> [Task statement]
Every line of the listing is returned unchanged, and every picture is dropped.

> [Recorded information]
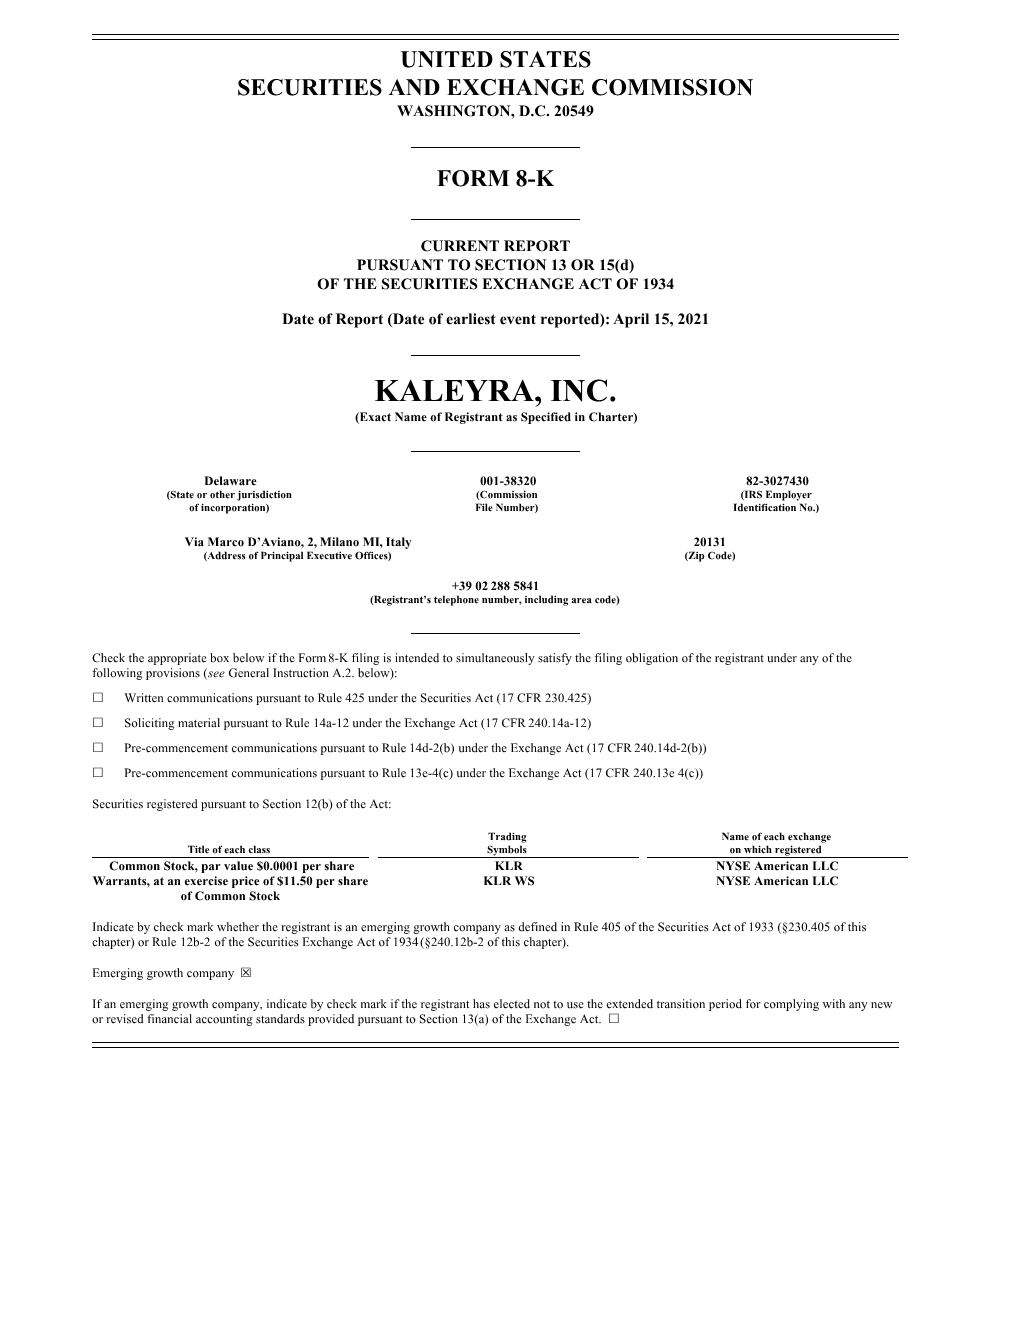 KALEYRA, INC. (Exact Name of Registrant As Specified in Charter)
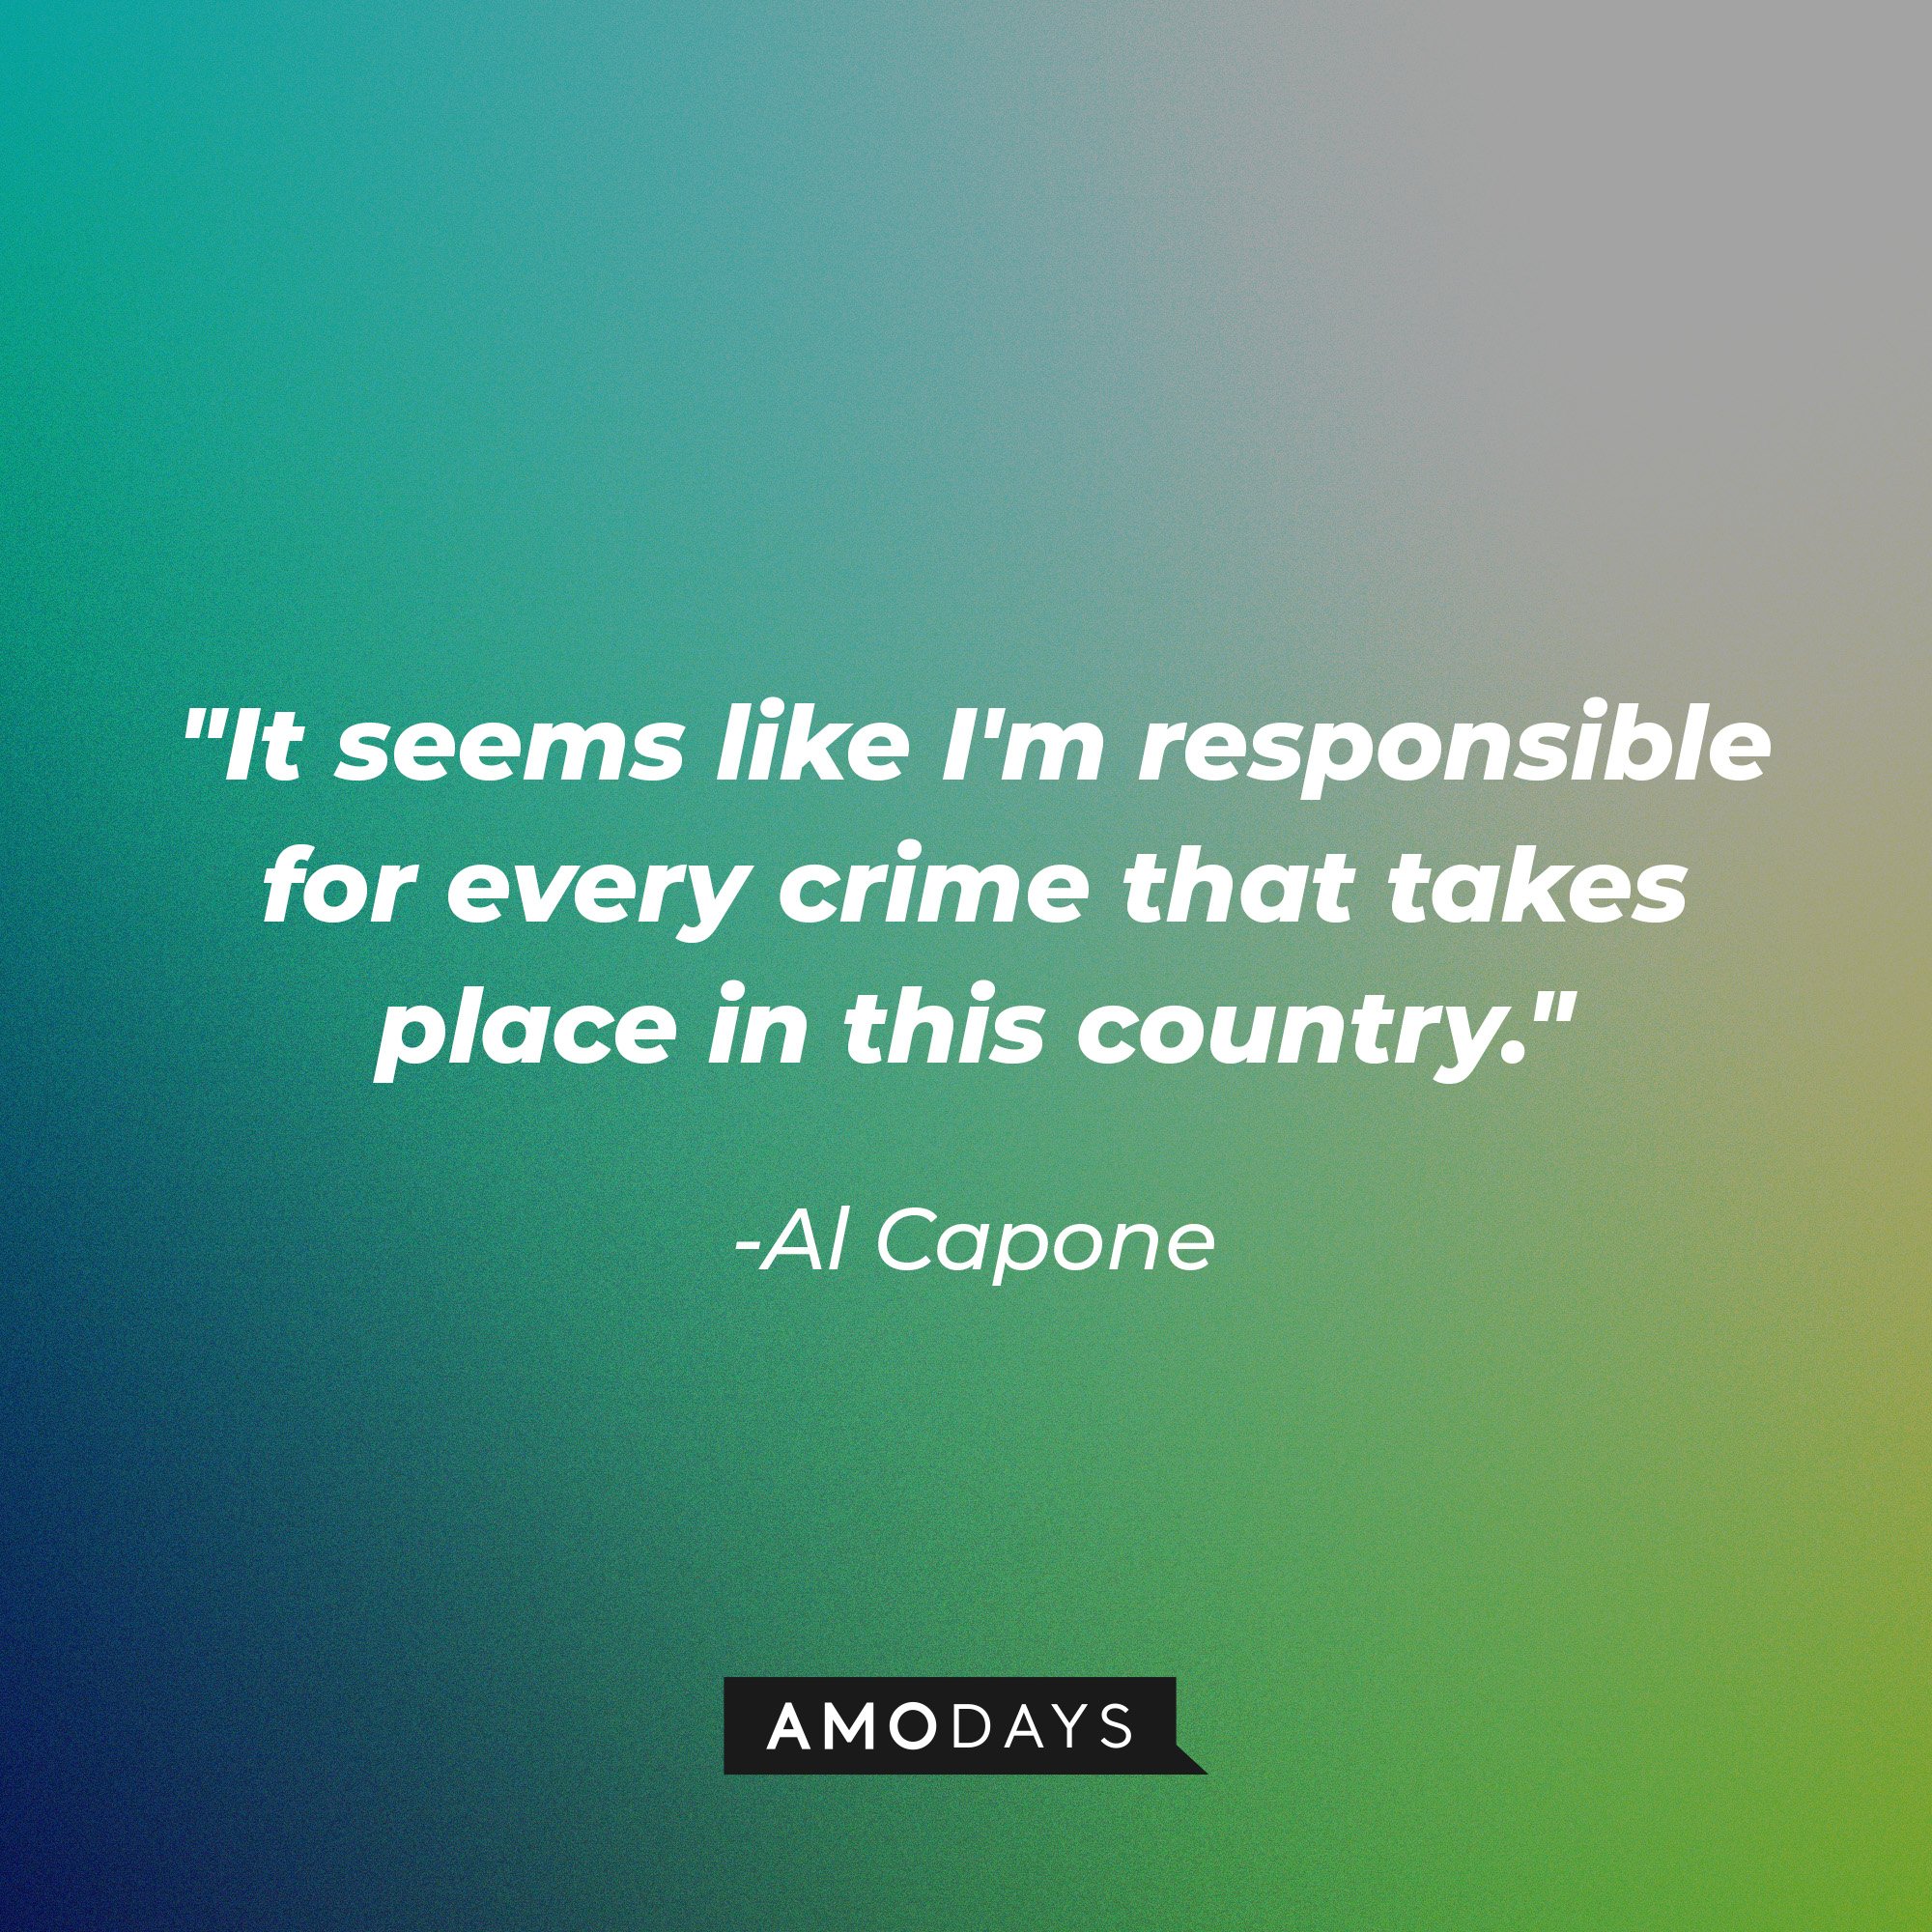 Al Capone’s quote: "It seems like I'm responsible for every crime that takes place in this country." | Image: AmoDays
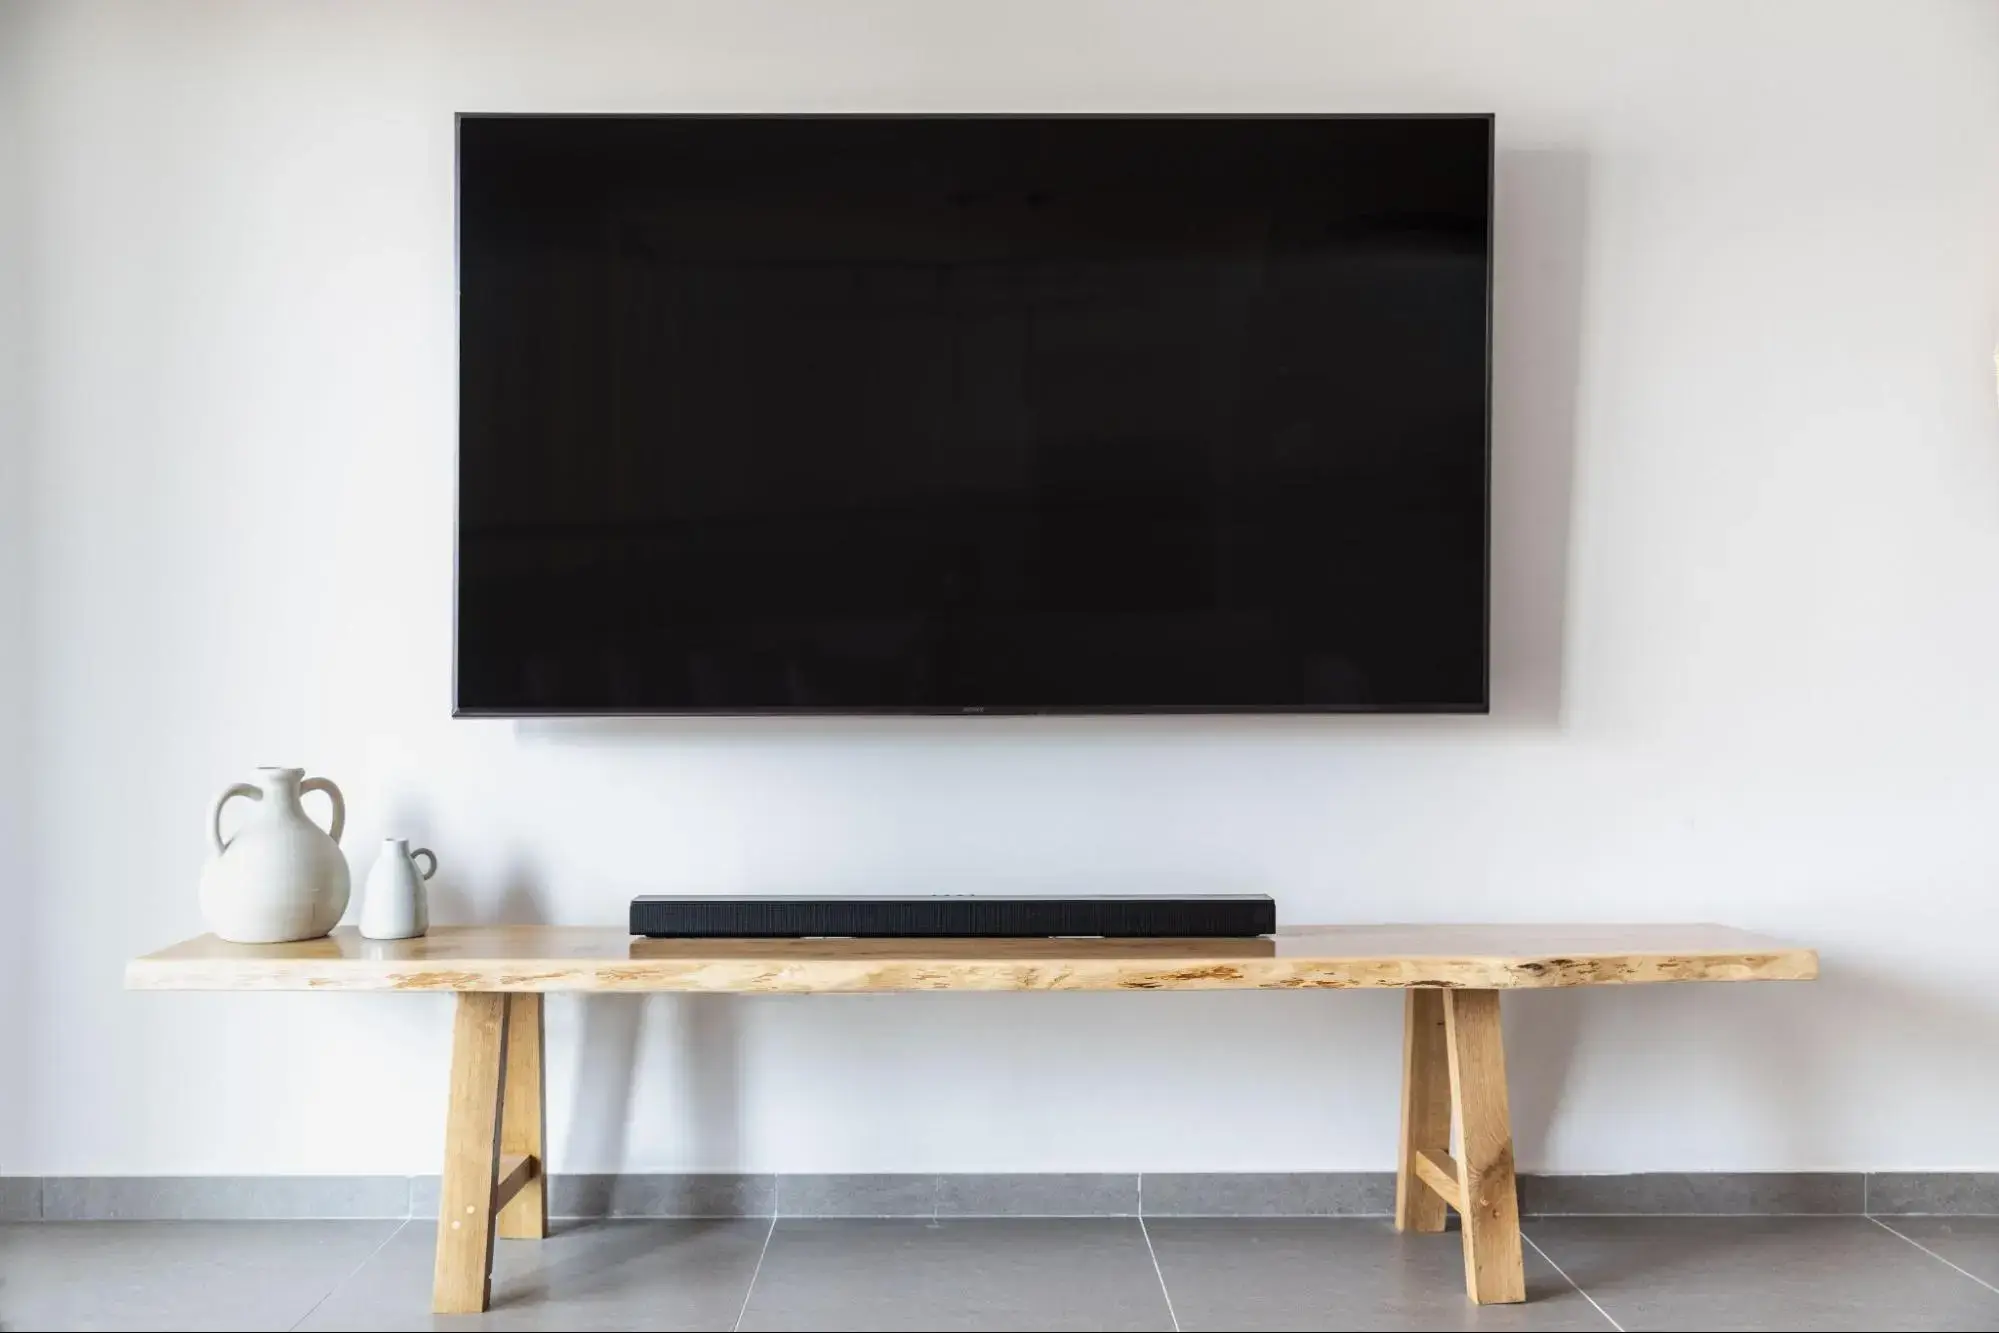 A large flat screen tv is installed on a white wall. A wooden bench with a sound bar and a few vases sits below it.

> [Answer to this problem]
 KALEYRA, INC. (Exact Name of Registrant As Specified in Charter)
 Al Capone’s quote: "It seems like I'm responsible for every crime that takes place in this country." | Image: AmoDays
 A large flat screen tv is installed on a white wall. A wooden bench with a sound bar and a few vases sits below it.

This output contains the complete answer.